1. The problem statement, all variables and given/known data

An ellipse is a set of all points from two points called a focus (together a foci) has the sum of 2a

|d1 + d2| = 2a

A hyperbola is the same except it is difference.

Now my question is, just who came up with these definitions that it must equal to 2a?? Because if I don't remember that it is 2a, then I will never be able to understand the formulas.

3. The attempt at a solution

attempedt at daydreaming an answer, but failed.

2. Jun 24, 2011

### HallsofIvy

Staff Emeritus
An ellipse is a figure such that the sum of the distances from a point on the graph to the two foci is a constant. A hyperbola is a figure such that the differences of the two distance from a point to the two foci is a constant. The fact that that constant is "2a" comes only after you write the ellipse as
$$\frac{x^2}{a^2}+ \frac{y^2}{b^2}= 1$$
or
$$\frac{x^2}{b^2}+ \frac{y^2}{a^2}= 1$$
with a the length of the "major semi-axis" so that 2a is the distance between the two vertices along the longer axis.
To see that, set up and ellipse with major axis along the x-axis, center at (0, 0). Then the two foci are at (f, 0) and (-f, 0), the vertices along the line between foci are at (a, 0) and (-a, 0). The distance from vertex (a, 0) to the focus (f, 0) is a- f. The distance from that vertex to the other vertex is a from (a, 0) to the center, (0, 0), is a, of course, then the distance from (0, 0) to the other focus, (-f, 0), is f for a total distance from (a, 0) to (-f, 0) of a+ f. The total distance from (a, 0) to the two foci is (a- f)+(a+ f)= 2a. Given that that sum of distances is a constant, that constant must be 2a.

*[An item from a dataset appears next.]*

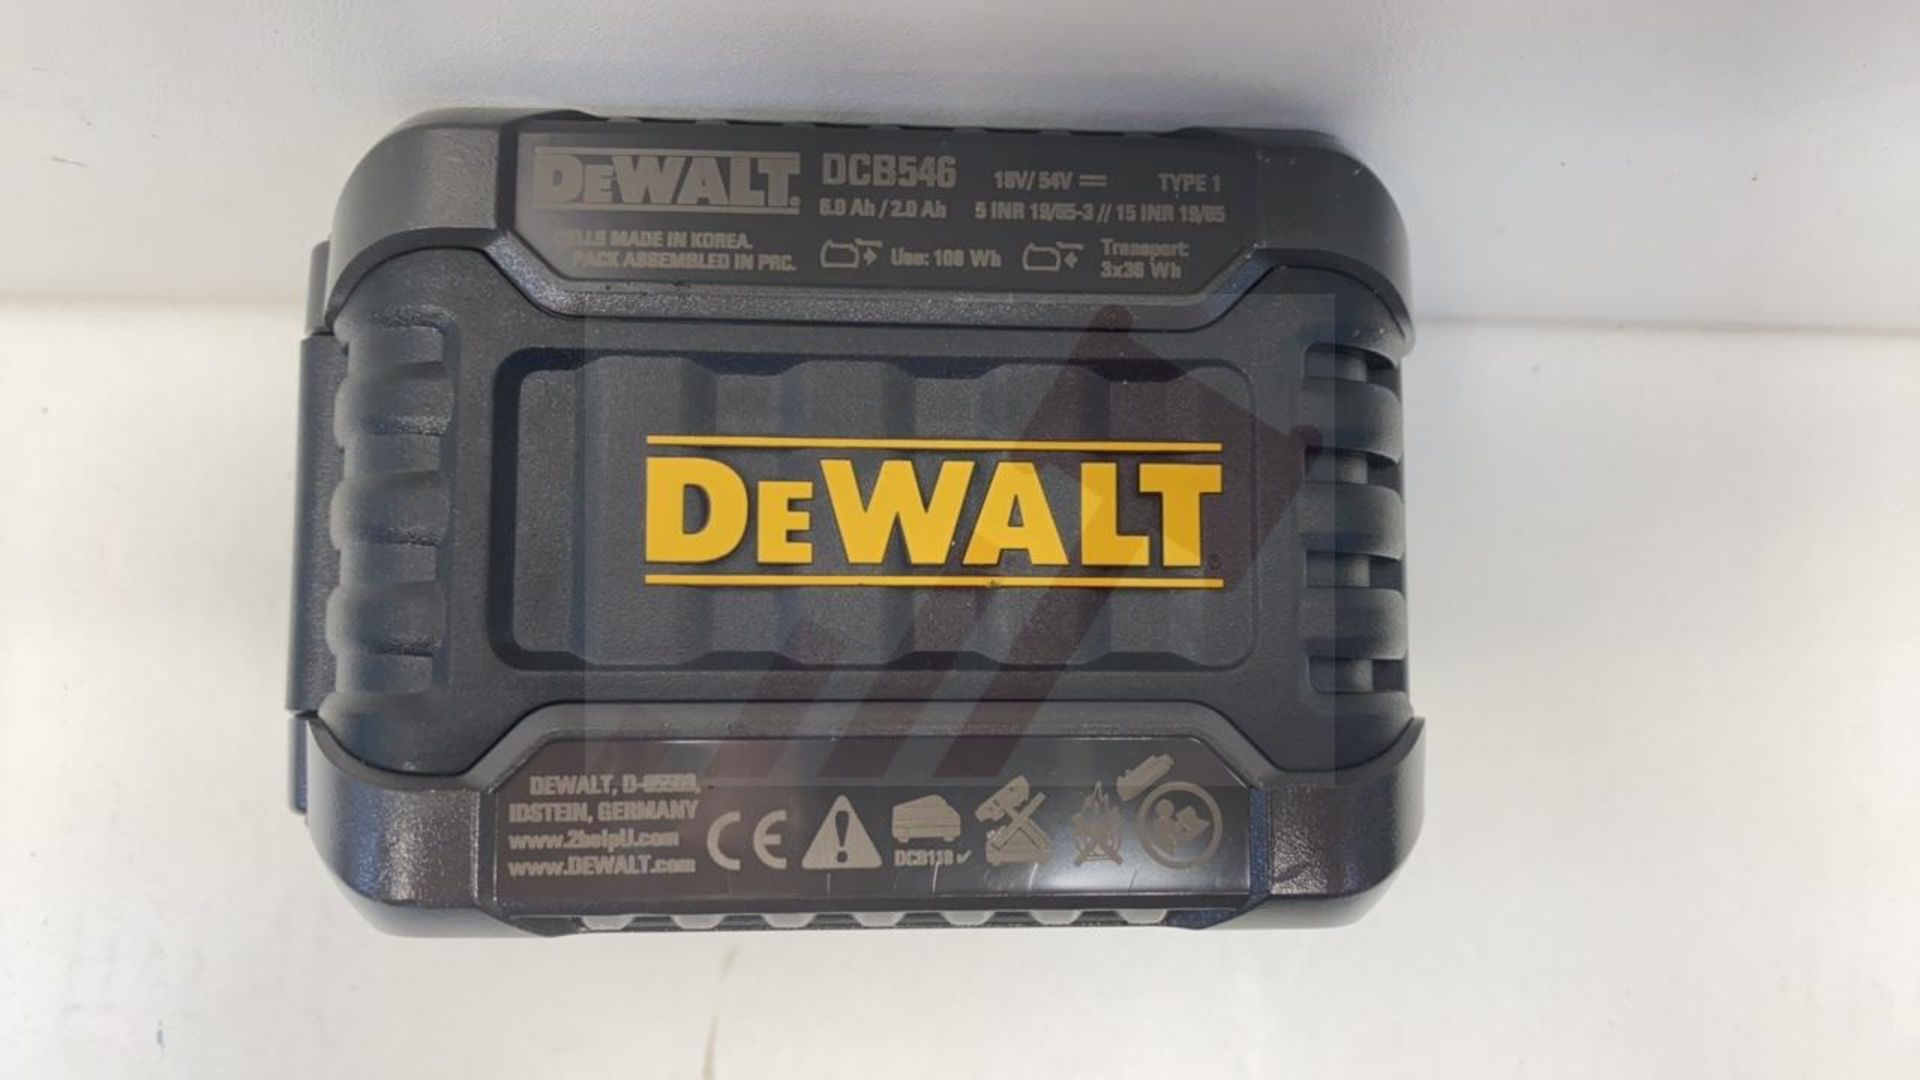 DeWalt DCB546 18v / 54v XR FLEXVOLT 6.0Ah Battery - Image 3 of 4

Similarly the constant for the hyperbola is 2a only after you write the hyperbola as
$$\frac{x^2}{a^2}- \frac{y^2}{b^2}= 1$$
or
$$\frac{y^2}{a^2}- \frac{x^2}{b^2}= 1$$
with a the distance from the center of the hyperbola to s vertex.

Of course, the difference between an ellipse and a hyperbola is that the foci of an ellipse are inside the vertices while for a hyperbola, they are outside.

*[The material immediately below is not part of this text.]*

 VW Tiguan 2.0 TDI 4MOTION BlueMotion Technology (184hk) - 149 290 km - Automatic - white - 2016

Again, set up the hyperbola so its center is at (0, 0), its vertices are at (-a, 0) and (a, 0), its foci at (-f,0) and (f, 0). The distance from (a, 0) to (f, 0) if f- a (the foci are now outside so f> a). The distance from (a, 0) to (-f, 0) is the distance from (a, 0) to (0, 0), a, plus the distance from (0, 0) to (-f, 0), which is f. The distance from (a, 0) to (-f, 0) is a+ f. The difference of those two distances is (a+ f)- (f- a)= 2a.